Under Burbidge's leadership in 1995/6, Burbidge & Son pioneered the introduction of Japanese World Class Manufacturing techniques into the furniture manufacturing sector. His company became an exemplar hosting visits for the West Midlands Manufacturing Challenge and nationally for UK First. He was a keynote speaker at conferences around the UK. He was also a guest lecturer for MSc courses in Manufacturing Strategy at the University of Warwick.

==Honours==
Burbidge was appointed an Officer of the Order of the British Empire (OBE) in the 1998 Queen's Birthday Honours in recognition of his services to Coventry Cathedral. He was promoted to Commander of the Order of the British Empire (CBE) in the 2016 Queen's Birthday Honours in recognition of his services to cultural philanthropy in the West Midlands.

==Awards==

Honorary Doctor of Letters (Hon DLitt) in recognition of significant contribution to arts & culture in the West Midlands, was awarded by the University of Warwick in July 2017.

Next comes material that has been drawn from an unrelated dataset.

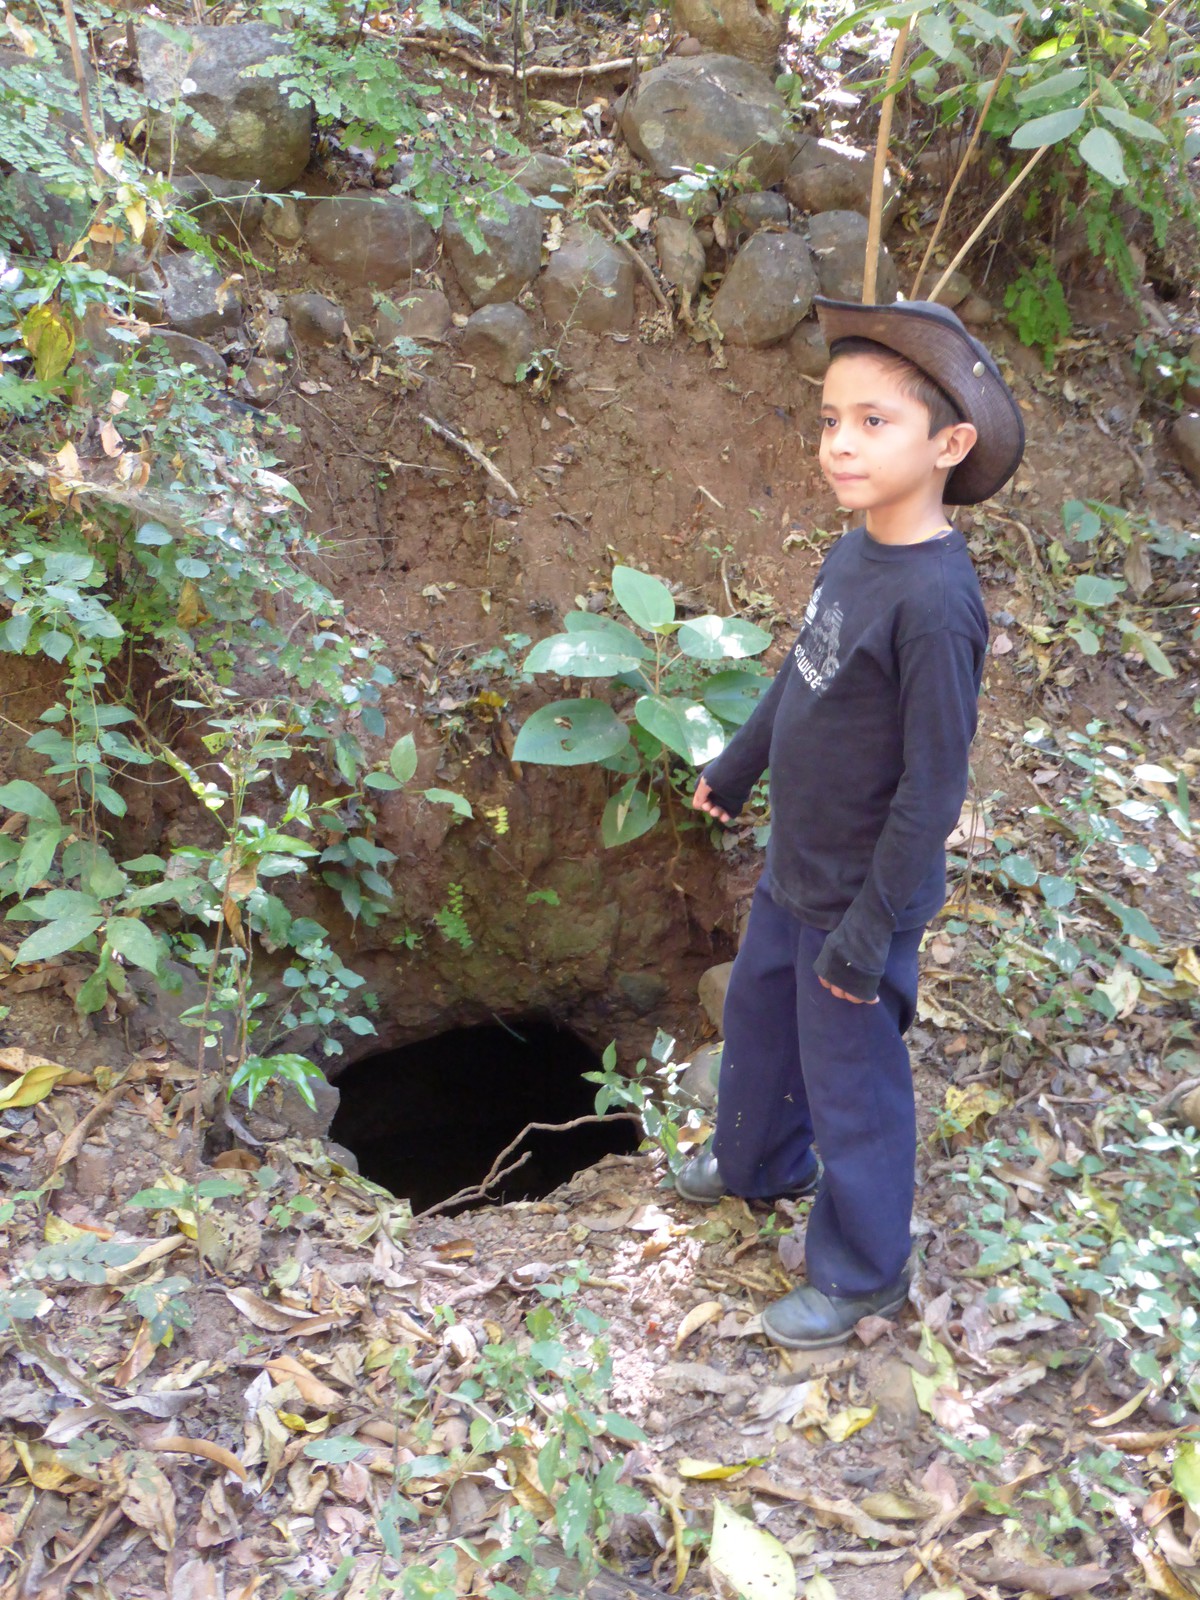 Nelsito pointing to a hole that locals used to shelter from the bombs

Honorary Doctor of Laws (Hon LLD) in recognition of significant charitable and fundraising work by Coventry University – November 2015

Awarded The Coventry Award of Merit in 2015 which was established by Coventry City Council as a means to acknowledge and honour a model citizen for outstanding performance in a field which enhances the good name of the City of Coventry.

Arts & Business West Midlands Culture Champion 2012 in recognition of leadership for the regional fundraising campaign of the transformation of the Royal Shakespeare & Swan Theatres, Stratford-upon-Avon.

Coventry Evening Telegraph Special Honour awarded for outstanding contribution to business & industry – 2002.